The resolution sets how much fine detail the model can resolve through calculations of the fundamental fluid dynamics of the atmosphere, and increasing it reduces the reliance on more approximate parameterisations of sub-grid processes. These models will have resolutions of 0.83x0.5 degrees (~60km in middle latitudes) and 1.25x0.83 degrees (~90km). The global atmospheric model that is currently used has a resolution of only 1.875x1.25 degrees (~150km). The number of vertical levels will also be doubled. Studies that have been done over the past few years have found that reducing the grid spacing below 100km starts making substantial improvements to the quality of simulated weather phenomena such as those previously mentioned.
The model with the higher resolution has a grid spacing close to that of the 50km regional model, but simulates features at this scale for the whole globe, effectively simulating the results for all of those regional models simultaneously.
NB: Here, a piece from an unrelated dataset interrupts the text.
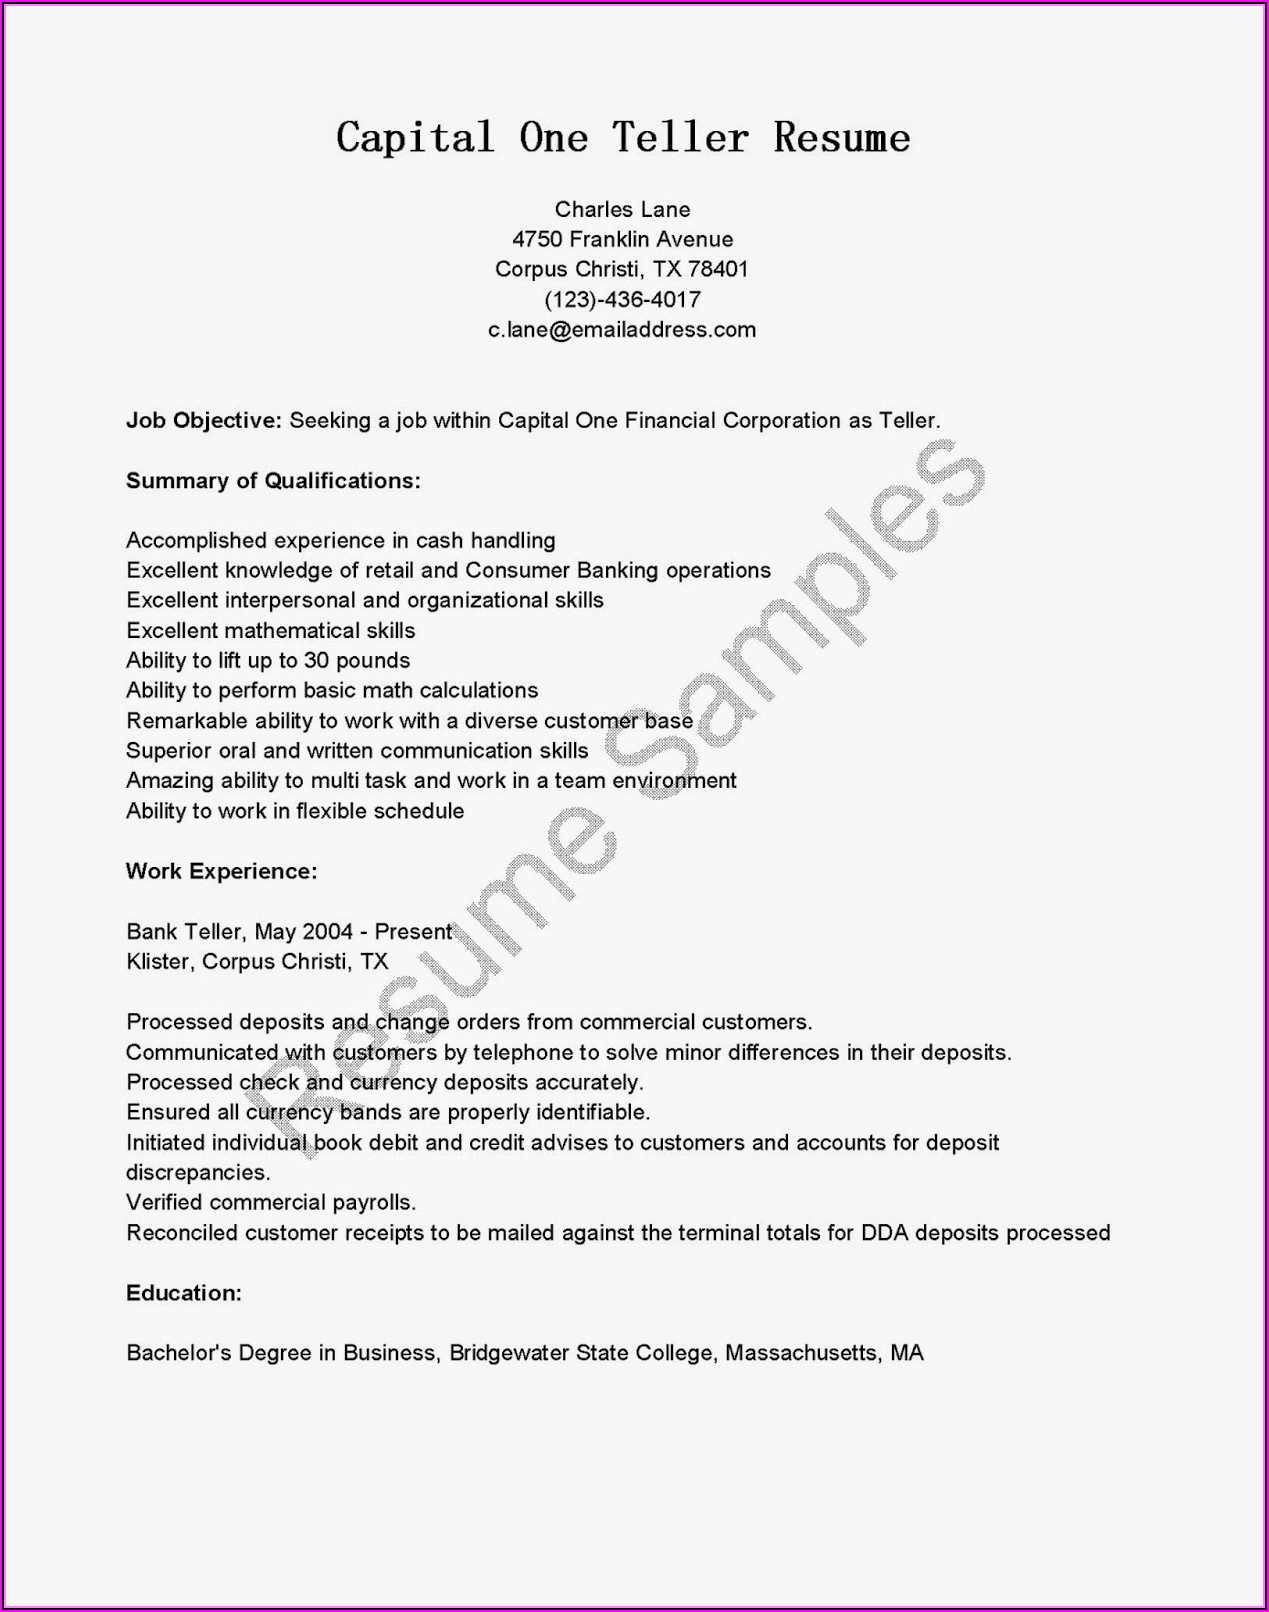 Professional Nursing Resume Services

Whilst the regional models that are currently used help to capture fine details, they are dependent on the winds simulated by the 150km-resolution global model at large scales. The new higher resolution models will also simulate these large-scale winds more faithfully, giving further improvements in the results for small regions. The regional models may still be more appropriate for some projects, though, and are likely to still be used.
Our initial tests have found that the quality of weather simulations from these models appears similar to that in the current state-of-the-art model used at the Met Office. So with the ability to produce multi-thousand member ensembles with these models, there will be many opportunities to do cutting-edge science.
For now, these models are only going to be run on Linux systems. Some of you will already have received work units using the model with ~90km resolution. This work is pushing at the boundaries of what it is possible to achieve in a project like this, so please bear with us as there may be quite high failure rates at first as issues are ironed out.